Dataset extract:

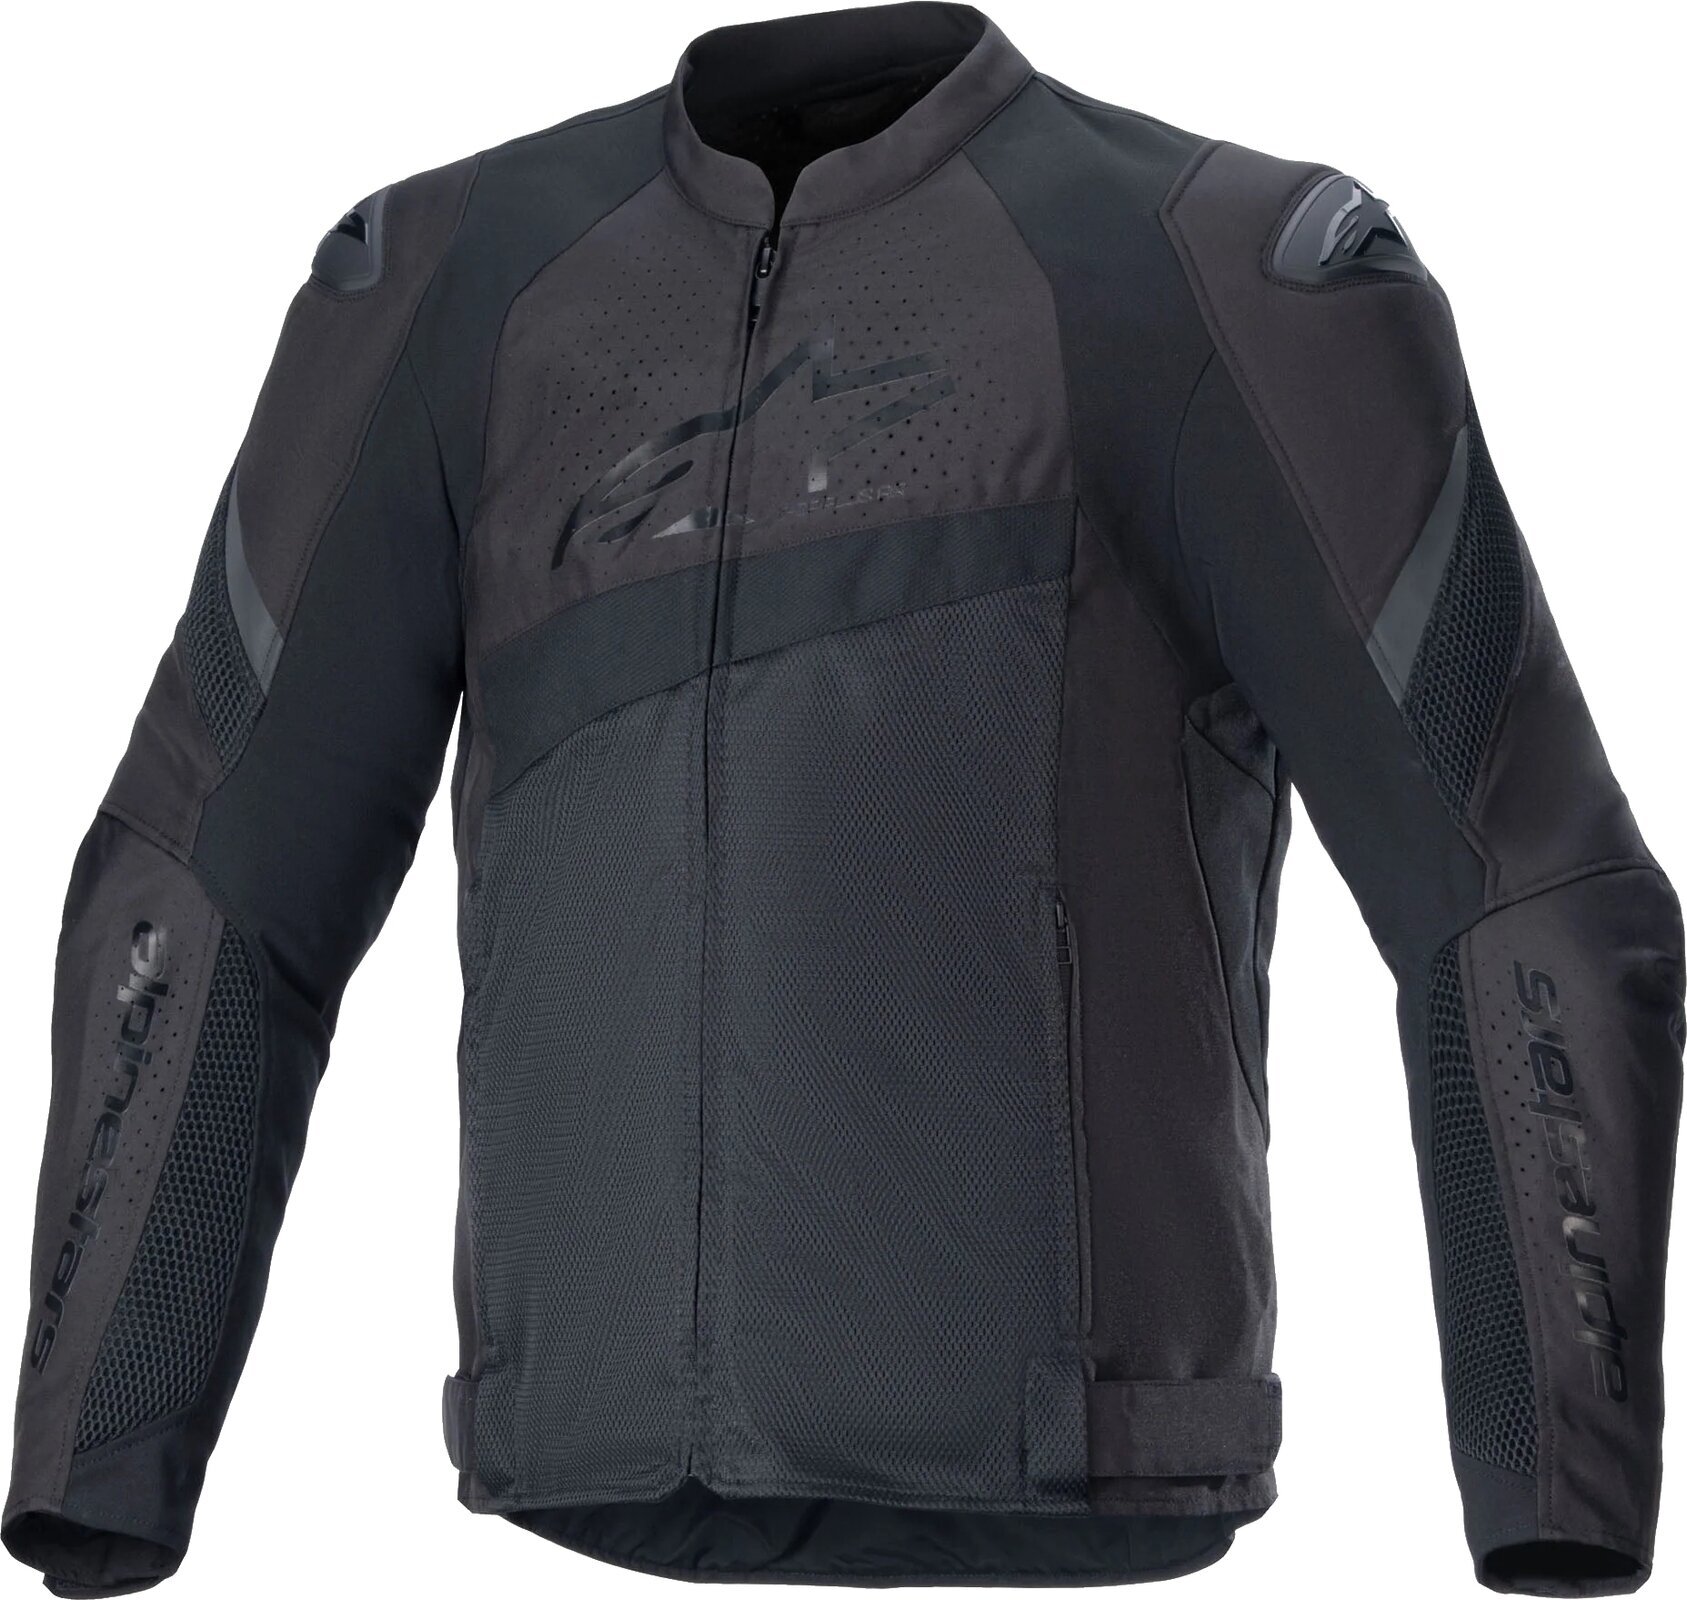 Δερμάτινα Μπουφάν Μηχανής Alpinestars GP Plus R V4 Airflow Leather Jacket Black/Black 60 Δερμάτινα Μπουφάν Μηχανής
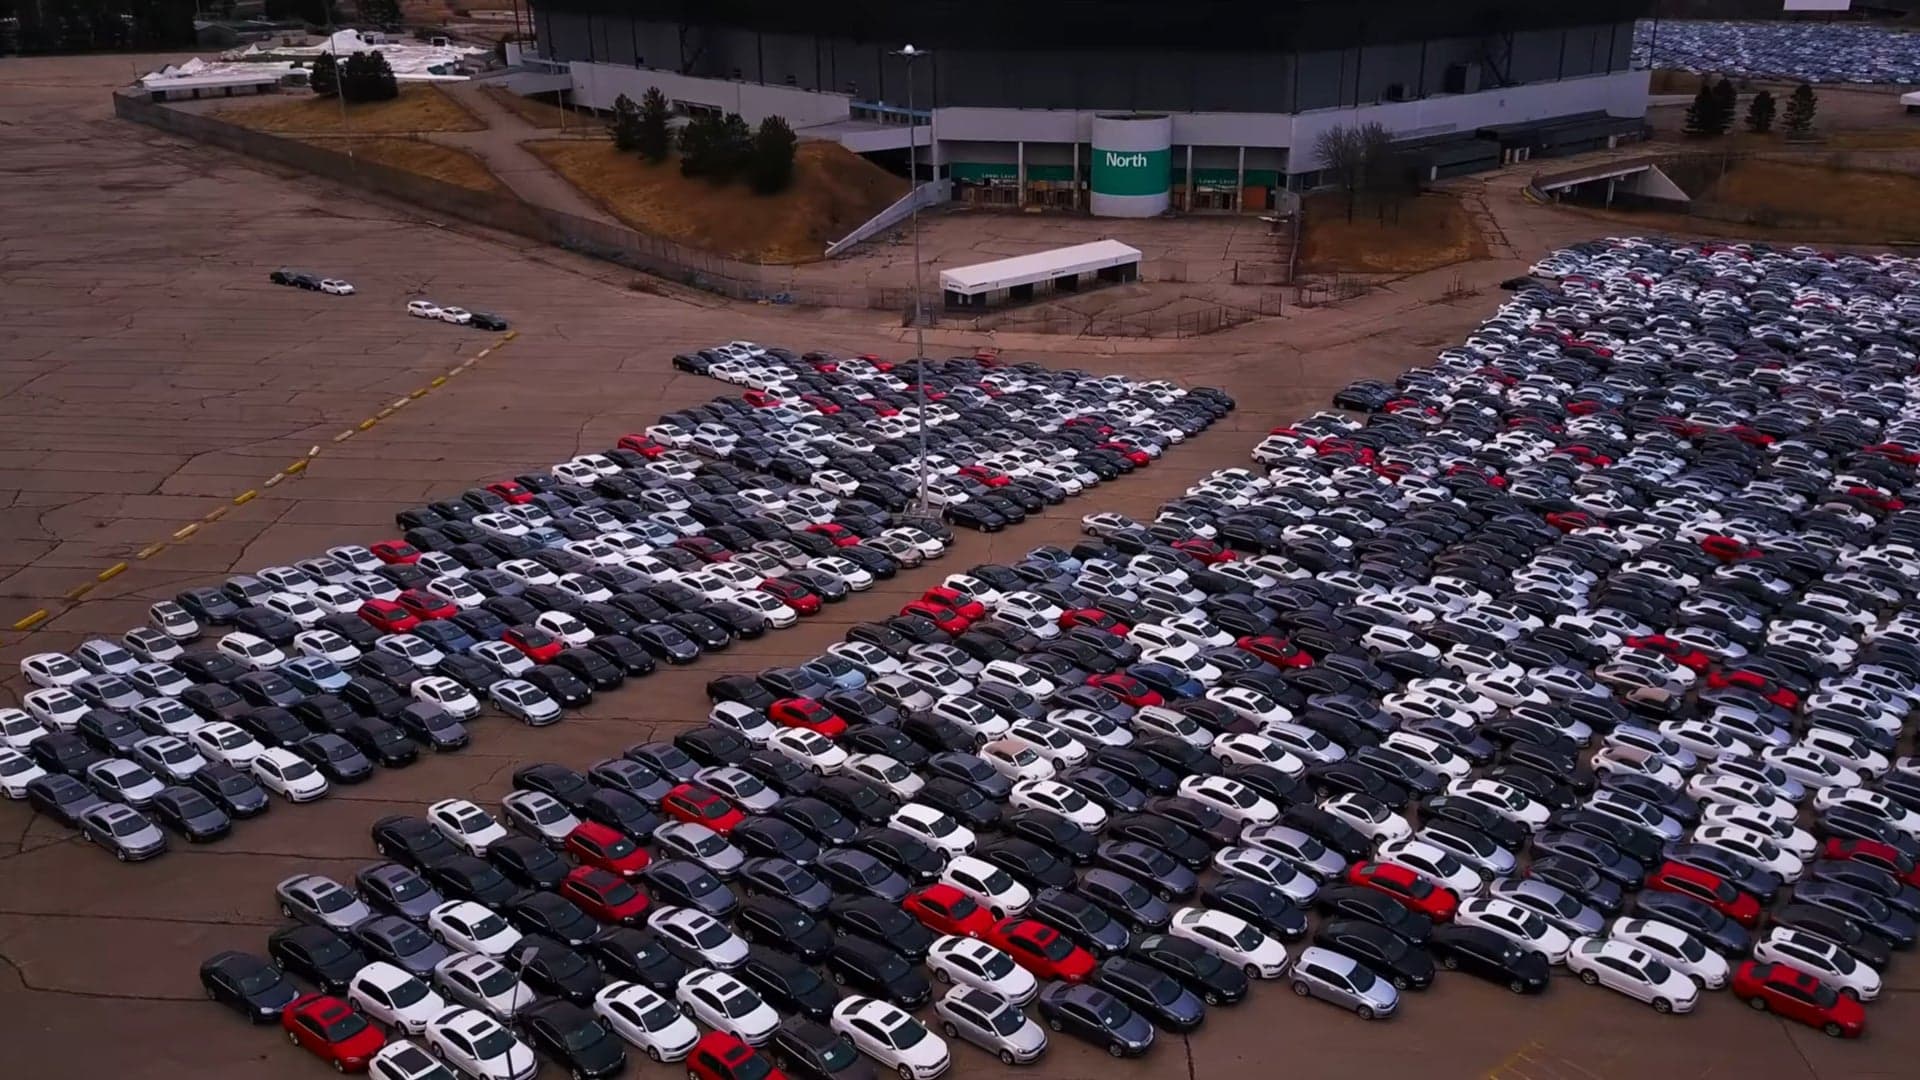 This Volkswagen Dieselgate Staging Area Looks Eerie in 4k
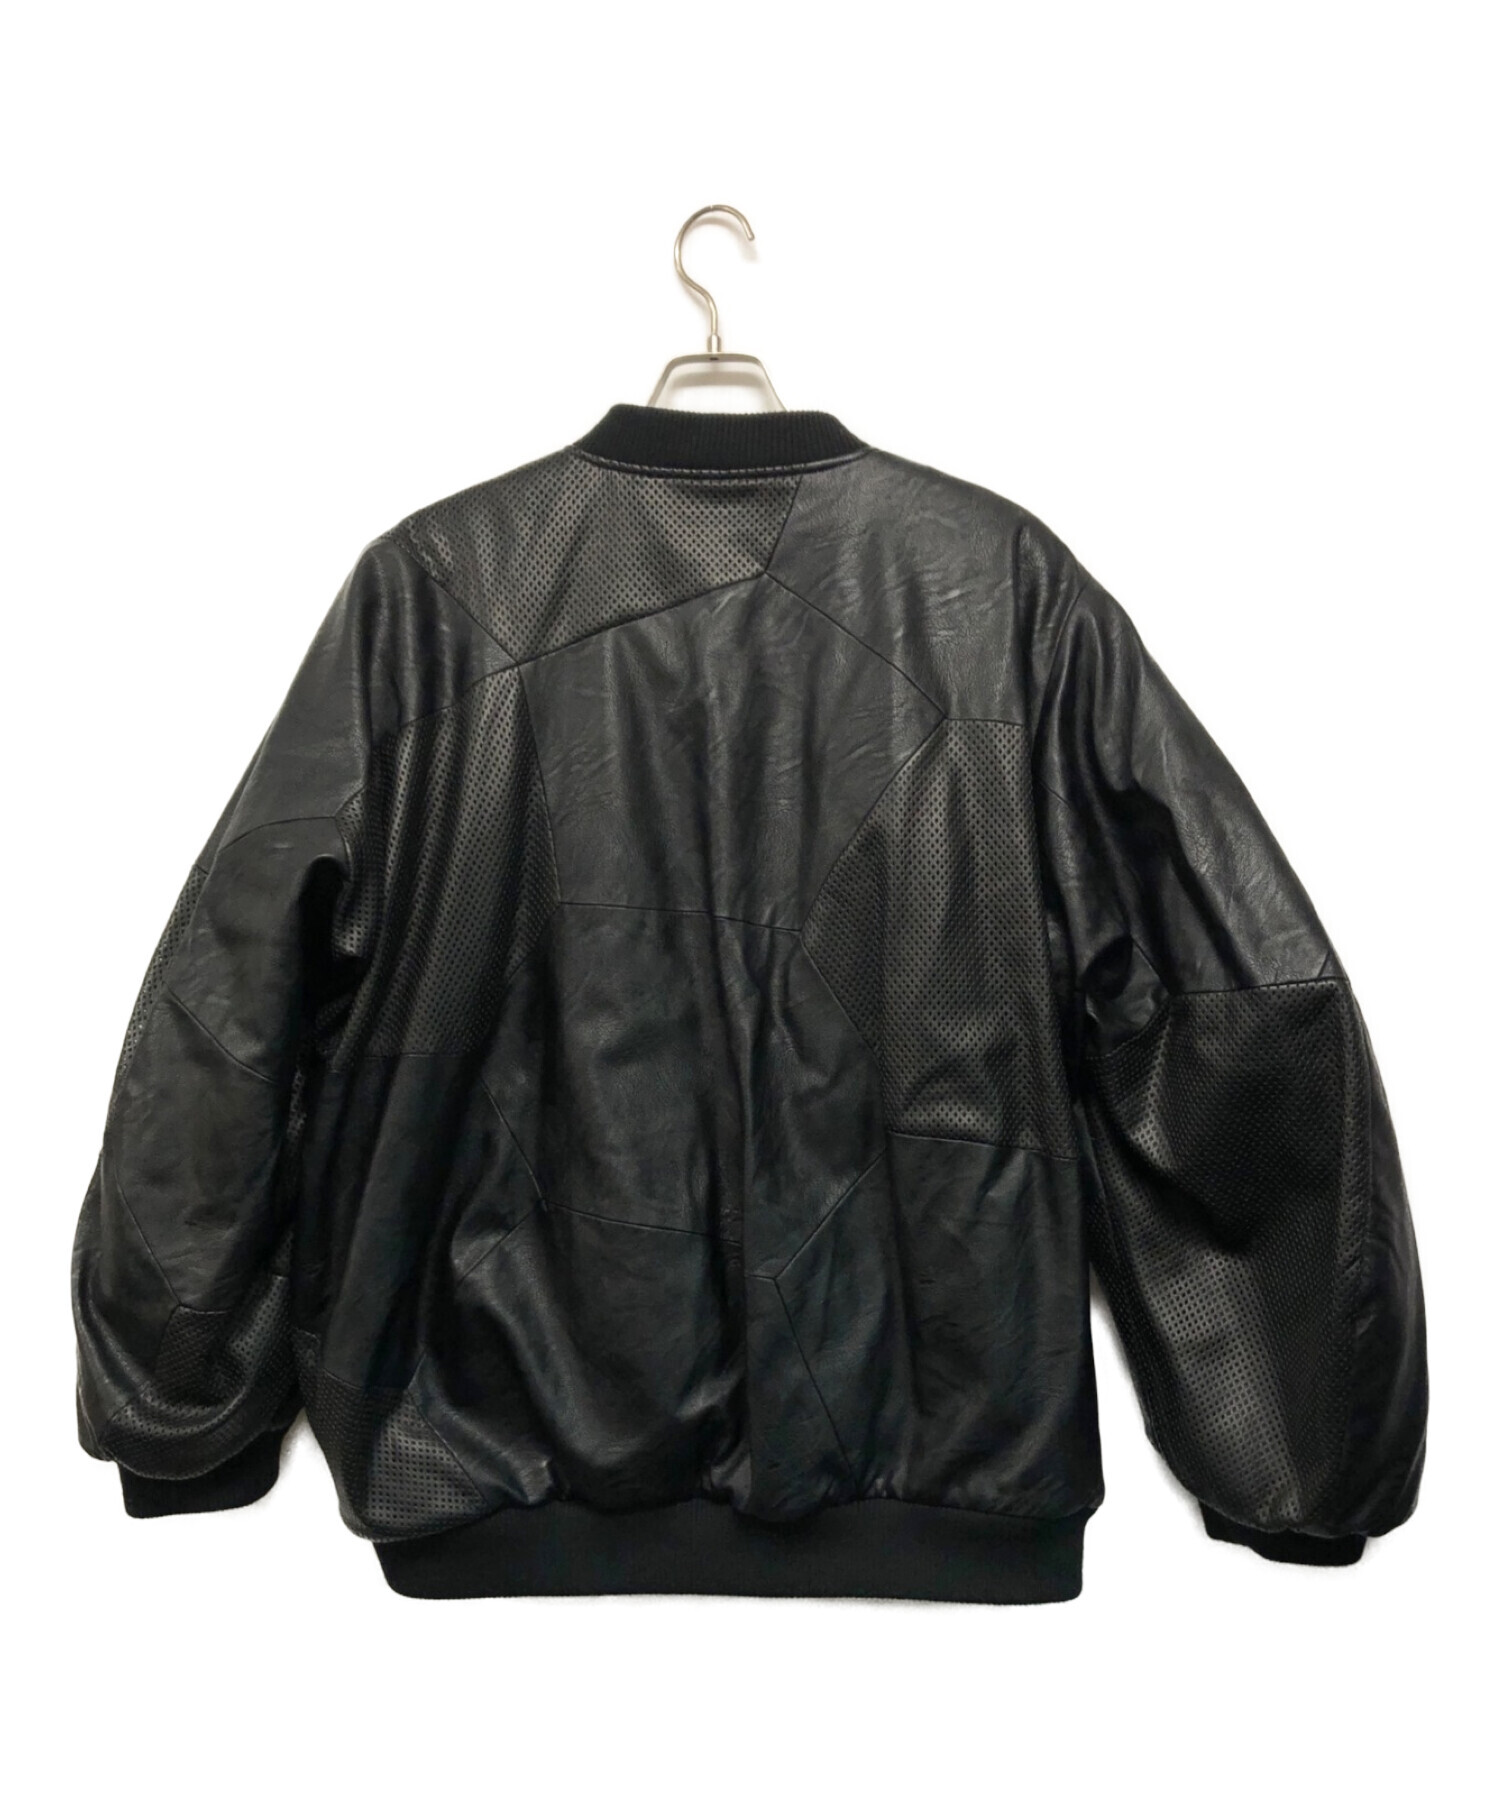 KOCHE (コシェ) 人工レザーパデッドボンバージャケット ブラック サイズ:M

The task:
You are asked to reproduce each line above exactly, but to exclude the pictures.

Task solution:
 Δερμάτινα Μπουφάν Μηχανής Alpinestars GP Plus R V4 Airflow Leather Jacket Black/Black 60 Δερμάτινα Μπουφάν Μηχανής
 This Volkswagen Dieselgate Staging Area Looks Eerie in 4k
 KOCHE (コシェ) 人工レザーパデッドボンバージャケット ブラック サイズ:M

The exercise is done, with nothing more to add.